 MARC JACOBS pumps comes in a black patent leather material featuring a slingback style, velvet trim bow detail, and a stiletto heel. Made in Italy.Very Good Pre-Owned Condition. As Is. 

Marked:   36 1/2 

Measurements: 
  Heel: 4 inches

-.-.-

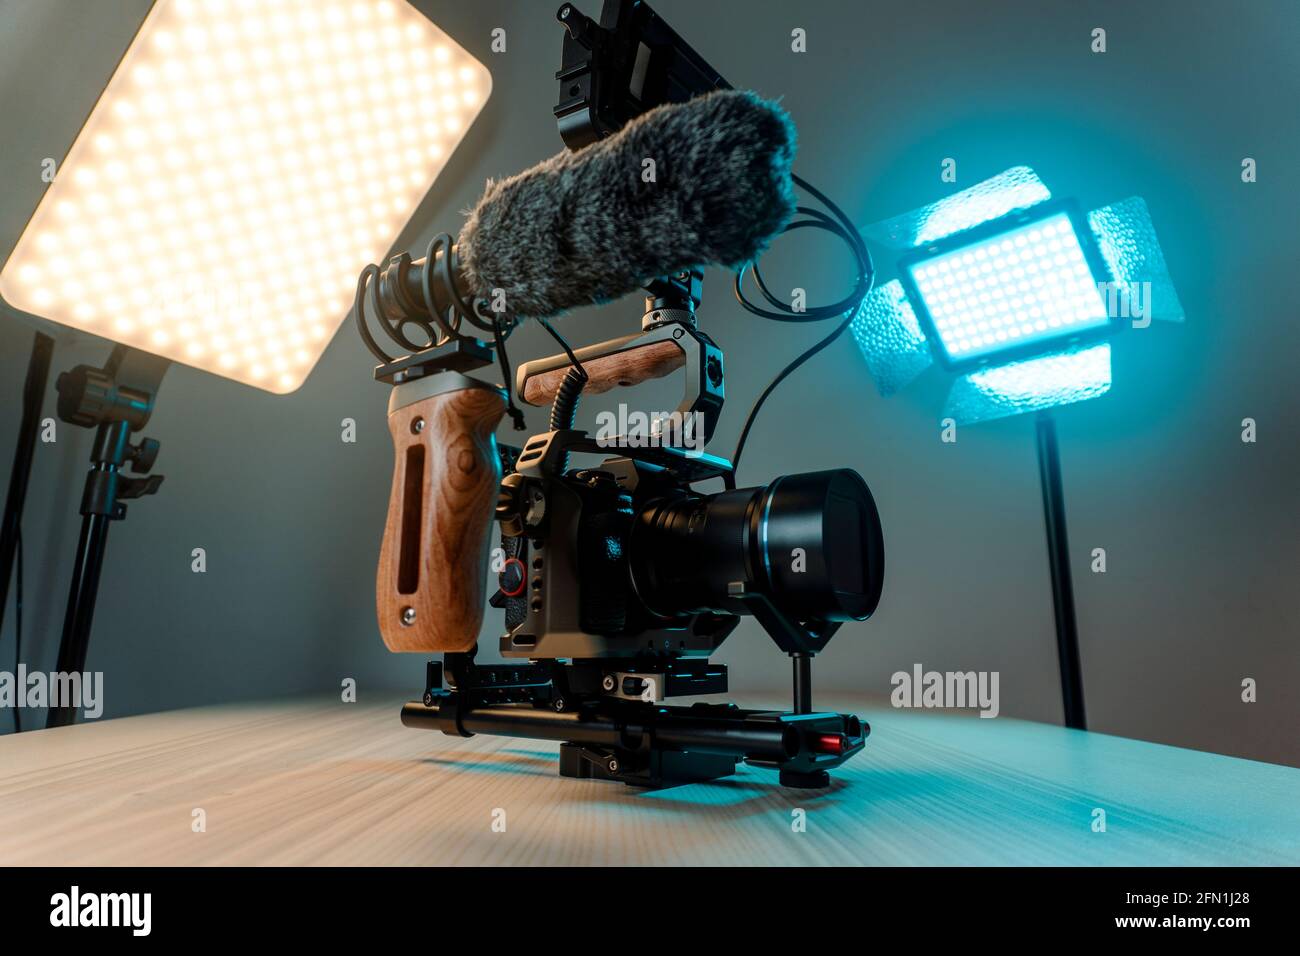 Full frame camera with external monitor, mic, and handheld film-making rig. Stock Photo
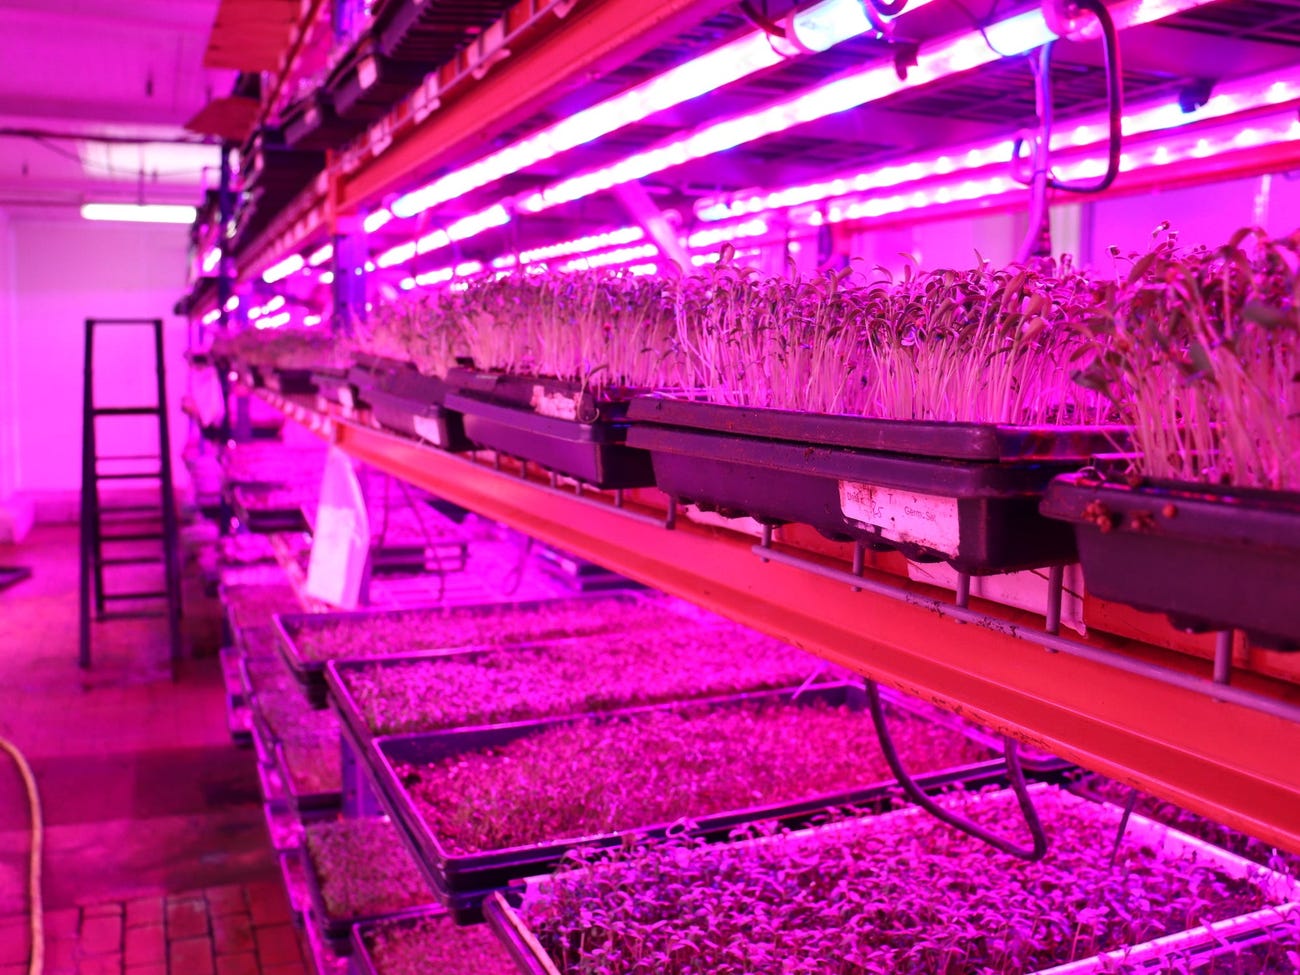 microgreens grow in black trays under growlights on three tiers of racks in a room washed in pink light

-.-.-

▶ _Your assignment_
In the data above, the stretch from the line with "Full frame camera" through the line with "microgreens grow in" is to be returned exactly, minus any pictures.

▶ _Task solution_
 Full frame camera with external monitor, mic, and handheld film-making rig. Stock Photo
 microgreens grow in black trays under growlights on three tiers of racks in a room washed in pink light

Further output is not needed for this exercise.